Money and interest compared

As it was discussed in the last section, the economic life of Arabs before Islam was based on interest because they considered interest as the dividend accrued to their money. In fact, many people considered money to be the root of all evils and a source of peril instead of a source of blessings for it gives rise to inequality in the distribution of wealth, overcapitalisation and overproduction, instability in its value, greed, theft, exploitation, the decline in spiritualism, murder and a host of other evils. However, it should be mentioned that it is the way money is used, and one of the ways by which it can cause all havocs mentioned is to consider it as an article of trade that will attract interest. Therefore, money may not be the root of all evils but interest.

Money in the view of Western economists is a commodity that can be bought and sold. They also regard money as something that performs the following four functions: a standard of deferred payments, a store of value, a unit of account and a medium of exchange (Layi 1999:93-99). Money as a unit of account facilitates communication of economic information between people in the sense that both sellers and buyers would be able to decide on what they should specialise as sellers and buyers, and in what proportions they should combine different goods for sales and purchases, respectively. To put it differently, money as a unit of account is an agreed measure for stating the prices of goods and services. Money as a medium of exchange is any object generally accepted in exchange for goods and services. Many objects had been used as money for exchange before coins, papers, dollar, bills, debit/credit cards, etc., were introduced. For instance, for a long time, North American Indians, Fijians and American colonists used wampum (i.e. beads made from shells), whale's teeth and tobacco as money, respectively. In Ethiopia and Tibet, cake of salt served as money. This is to say that the use of money has been around like fire for a long time (CFA Institute 2009:346-347). What all those objects mentioned have in common is that they have served as a means of payment. Money can take many forms inasmuch as it can serve the four functions. It has removed the inconveniences, inefficiency and clumsiness created by the barter system. Future payments are effected through the use of money, and it acts as a store of value at least by virtue of its use as the medium of exchange. Money used as a store of value means that it can be held and exchanged later for goods and services.

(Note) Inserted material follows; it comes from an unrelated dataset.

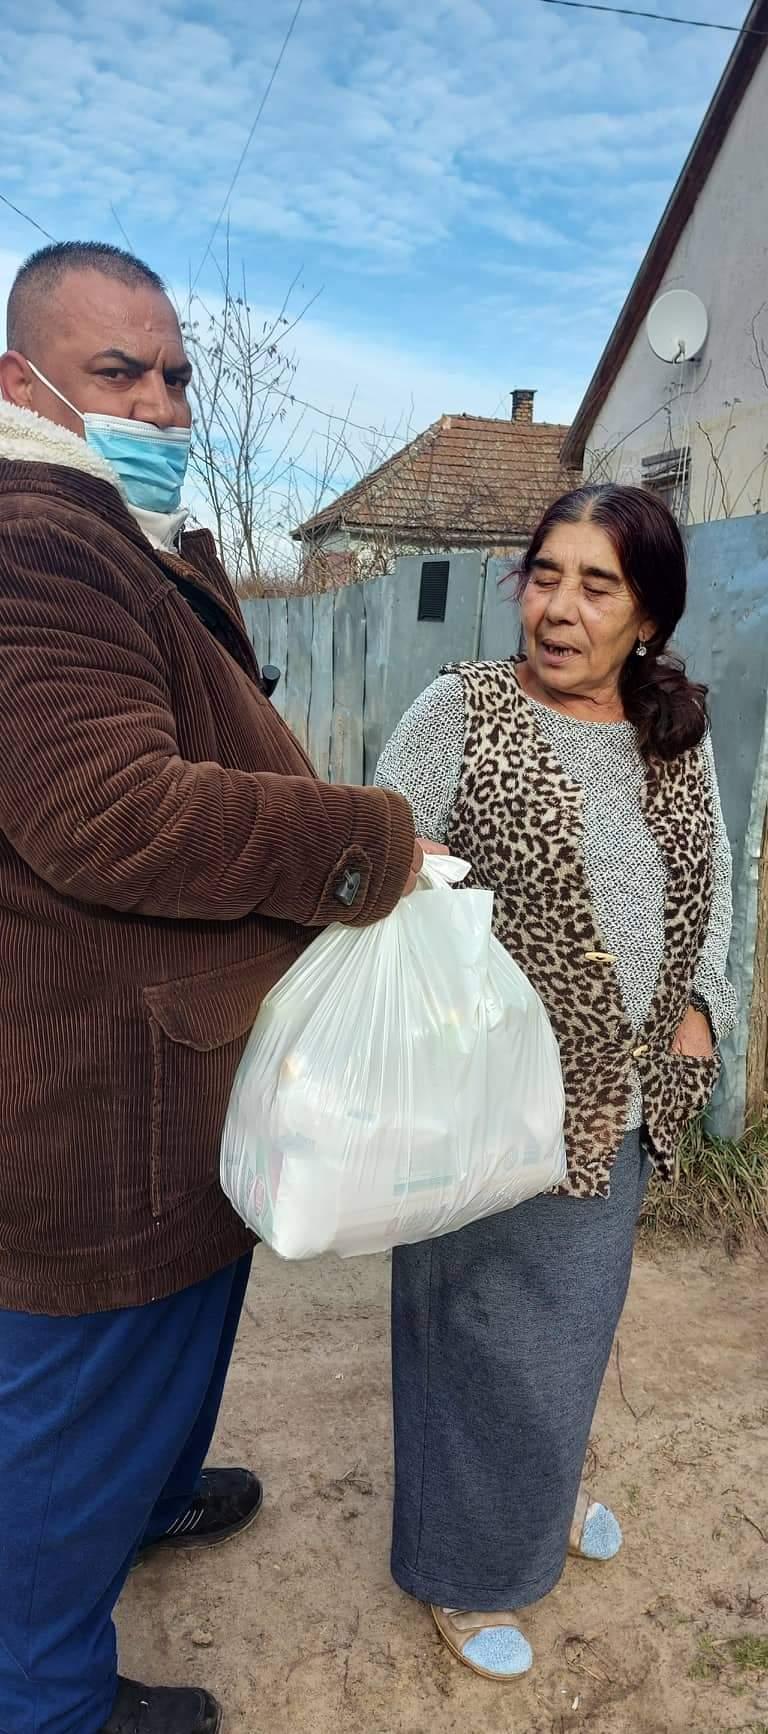 adomanyozas_2021februar_nyirmihalydi_06

It is, therefore, important for government and its monetary authority to make it stable because the more stable the value of a particular commodity or token is, the better it can act as a store of value and the more useful it is as money. The government and its monetary agents should control inflation and deflation to avoid the need for indexation. The inflation, most of the time, is artificially created. This should be avoided to make money more useful as a store of value.

On the other hand, interest, as discussed earlier, is regarded as the charge made for borrowing a sum of money. This in essence means that interest is the exchange for the money lent out instead of money being a medium of exchange. It is a commodity that can be bought and sold. For instance, if somebody gives out a commodity, he receives in return money as an exchange for the commodity. In the same vein, if money is lent out like a commodity sold, the exchange for that is interest, which means money is regarded as a commodity that brings in dividend, that is, interest. However, the interest paid is continuous as long as the capital remains unpaid but when a commodity is exchanged for money, it is once and for all. In Islam, money is regarded as medium of exchange and not an article of trade for it can be likened to a barren hen, which cannot beget itself (Aristotle n.d.).

Interest and profit: Any difference?

Interest in Islam and other major religions is forbidden. However, some people have been finding ways of legalising it. One of the ways by which they try to win acceptability for interest is that they emphasise the identity between profit and interest. They try to extend to the concept of interest any legitimacy that exists in other economic categories. Islam, like other religions, forbids interest. Allah forbids taking and paying interest, simple and compound. There are many Hadiths of the Prophet that condemn the taking and paying of interest. What the Qur'an emphasises is profit through trade when Allah says: 'Trade is lawful while interest is forbidden'. What comes out of a trade is normally profit if it is organised in an Islamic way. Therefore, in Islam, it is legal to take profit. Profit is regarded as a payment for a person's effort and risk. It is not only risk but effort must be taken into consideration before one is entitled to profit (Mannan 1992:220-238). According to Siddique (1991:21-34), it is against Islamic injunction to view profit as the only one reason for carrying out economic activities. Equity, justice and fair play must be taken into consideration. It is wrong to pursue profit at the expense of the welfare of people. Pursuing profit by exploiting and going beyond the limits laid down by the Quran and Hadith is unlawful in Islam.

In the case of interest, creditors do not care how the money is used after it has been lent. Their interest is the ability and capability of the loan user to pay as and when due the interest and the principal. As regards profit, a person who wants to share part of the profit is concerned about the use of the funds. Hence, investors are normally involved. They give suggestions and from time to time, they are interested in the going concern of the business. If one receives profit, this is because of one's productive effort. The same thing may not be said of interest.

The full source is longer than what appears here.